The effects of capture and transparency in IQA begin to address the broader issue of the adaptive nature of the HVS. Namely, the visual strategy that the HVS uses when judging image quality can change depending on both the amount of distortion and whether the distortion affects the phenomenal appearance of the image's objects. Numerous studies have shown the HVS to be a highly adaptive system, with adaptation occurring at multiple levels ranging from single neurons [69] to the entire cognitive processes [324]. It seems logical to assume that the visual strategy adapts based on many other factors related to the interaction between the distortion and the image.

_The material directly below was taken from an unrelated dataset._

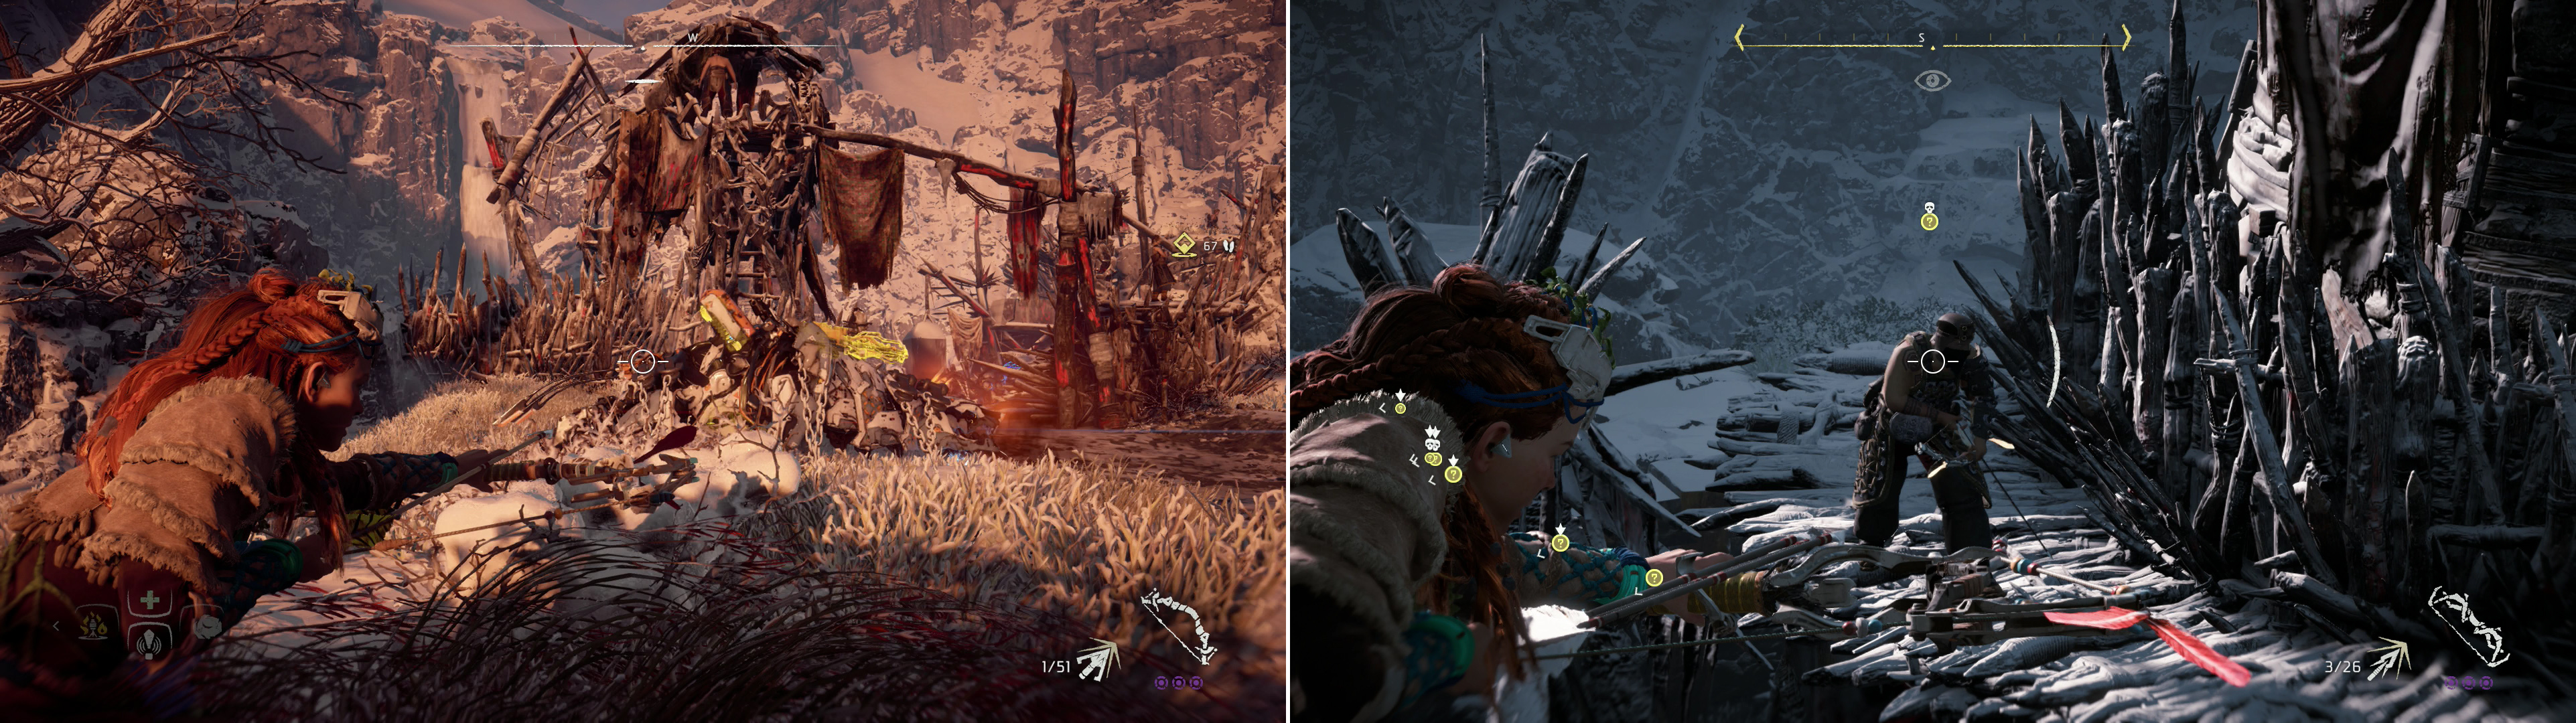 Shoots the chains tying down machines to unleash them on the Oseram (left). Don’t expect them to do all the work for you, however - some mercenaries will likely require your direct attention (right).

In [139], we asked whether IQA could be improved by modeling this adaptive nature of the HVS via two separate computational models. For images containing near-threshold distortion (high-quality images), we assumed that transparency was in effect, and thus the HVS employs a detection-based strategy in an attempt to look for the distortions. For images containing suprathreshold distortion (low-quality images), we assumed that capture was in effect, and thus the HVS employs an appearance-based strategy in an attempt to recognize the image's content.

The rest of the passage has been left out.